When I first saw that I was shocked. Then I read the line about the suicides (clearly not ok either), but I am curious as to how many of the 11 were suicides and what does it mean about ones that did not have any injuries at all.

Were some of the occurances like the 1972 mention of someone bringing a gun to school and firing it at a wall or other structure? Did they try to shoot someone and miss? Were some drive-bys (still not ok). Were some events after school hours and possibly drug deals gone bad?

Last year at one of the local HS, a teacher who was going through a divorce and just at the point of suicide went to school early and in his classroom had decided to shoot himself. It ended in him changing his mind while firing the gun. He did not injure himself enough to die, but did cause the school to be shutdown and he of course lost his job.
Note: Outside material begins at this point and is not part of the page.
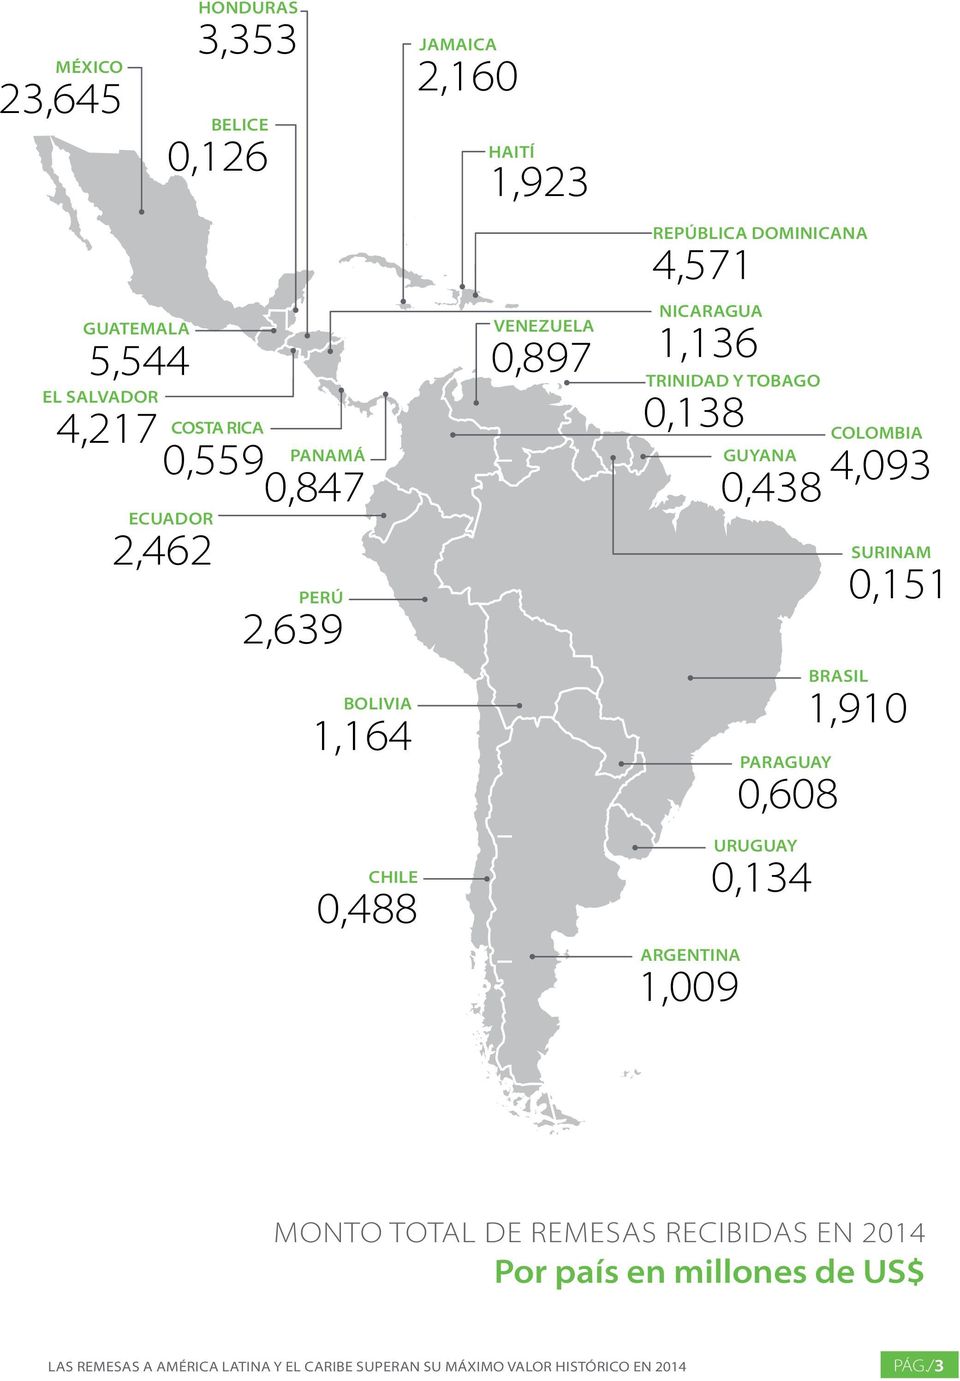 Tobago 0,138 Argentina 1,009 Guyana 0,438 Paraguay 0,608 Uruguay 0,134 colombia 4,093 Surinam 0,151 BraSil 1,910 monto total DE

I have no idea why he chose the school, maybe to be found quickly.

But I would like for them to break down the incidences to lessen the ambiguity.

That seems like more of a deflection than an explanation, since the same societal and cultural elements are mostly true in other western nations, yet they don’t have anywhere even remotely the same problem with gun violence. Has it not occurred to anyone that having far more more guns per capita than any other industrialized country in the world, and making them far easier for anyone to acquire than anywhere else, is a significant part of the problem?

None of the things you cite appeared to be true for the Newtown (Sandy Hook) shooter, who had a caring mother with an upper-class lifestyle. He was mentally unstable for reasons other than upbringing, but, in typical American style, had easy access to multiple guns. Rebecca Peters, a former Johns Hopkins University fellow specializing in gun violence, put it quite succinctly: “If you have a country saturated with guns – available to people when they are intoxicated, angry or depressed – it’s not unusual guns will be used more often. This has to be treated as a public health emergency.”

QFT

I’d say it is worrisome to see suicides as not a thing to worry about. MMV.

This and seeing ANY shooting on a campus as nothing to worry about.

So your 10-year old comes home today and says, “Mom, somebody got shot at school today, but it was no big deal–just a suicide.” Or, “Some dude shot the principal’s assistant today, but it’s okay, she didn’t die and anyway, he said she was cheating on him. What’s for dinner?”